All that is wanted is a word-for-word copy of the line with "Edited by Meredith" and every line after it in the data below.

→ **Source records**
·····

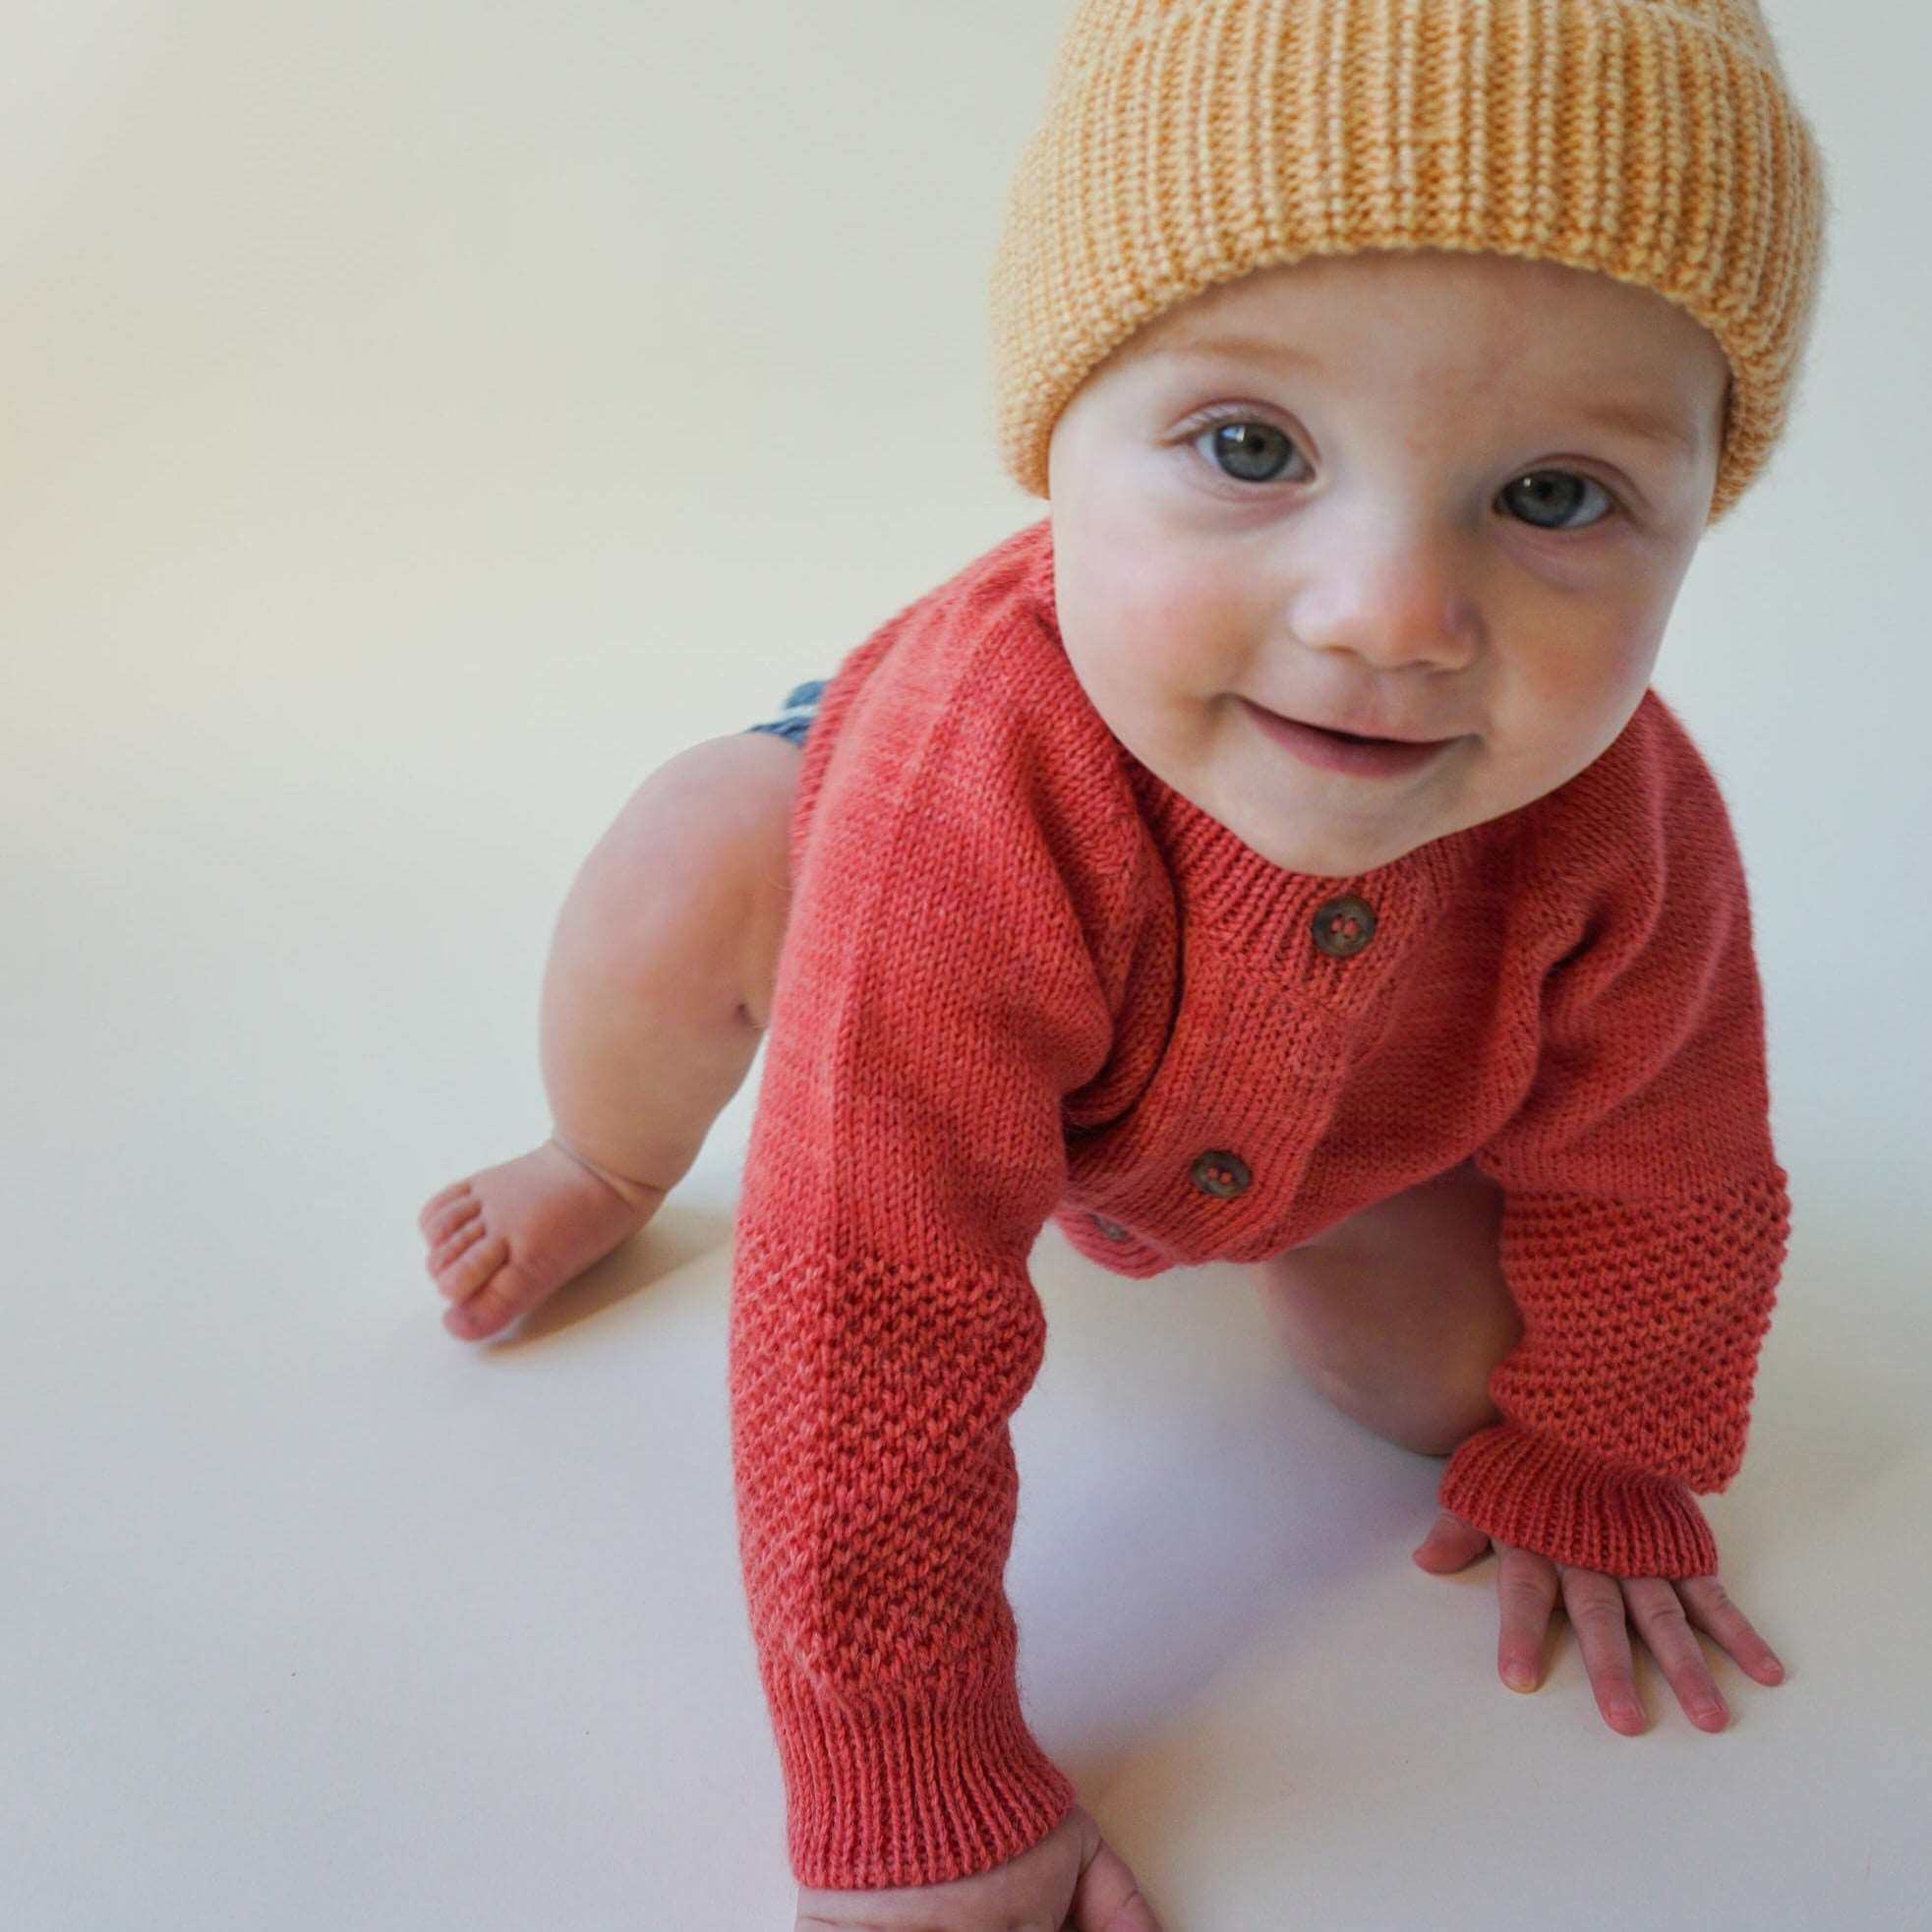 Toddler playing in red 2-Texture Raglan Sleeve Cardigan and yellow beanie knit hat
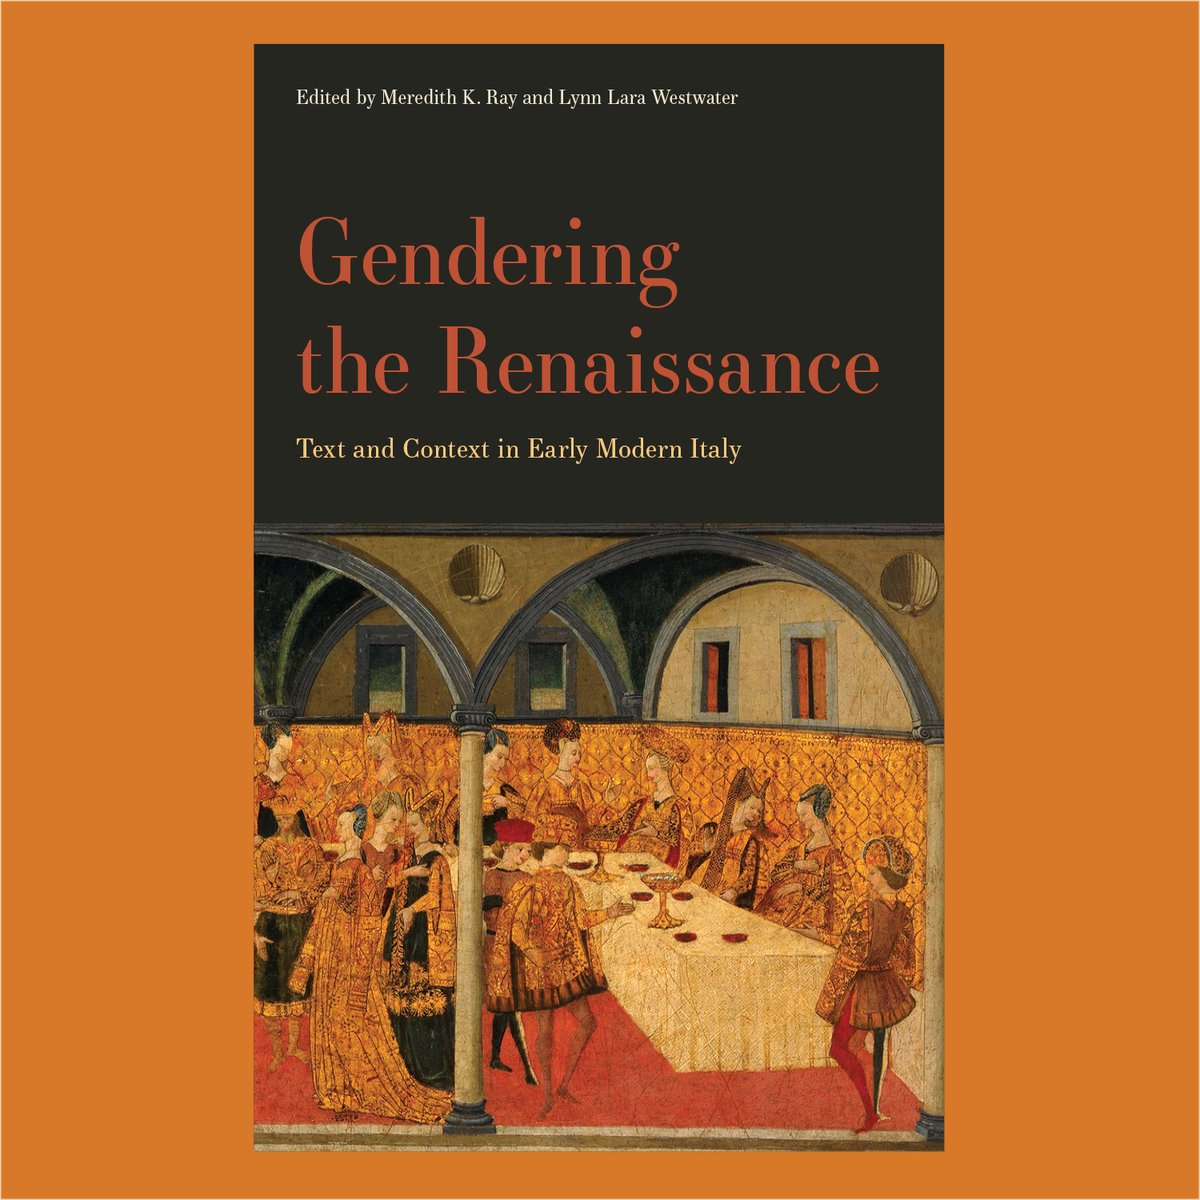 “Gendering the Renaissance: Text and Context in Early Modern Italy”
Edited by Meredith K. Ray and Lynn Lara Westwater

rutgersuniversitypress.org/gendering-the-…

#NewBookAnnouncement #LiteraryStudies #GenderStudies Published by @UDelPress #UniversityOfDelawarePress

·····

→ **YOUR RESPONSE**
Edited by Meredith K. Ray and Lynn Lara Westwater

rutgersuniversitypress.org/gendering-the-…

#NewBookAnnouncement #LiteraryStudies #GenderStudies Published by @UDelPress #UniversityOfDelawarePress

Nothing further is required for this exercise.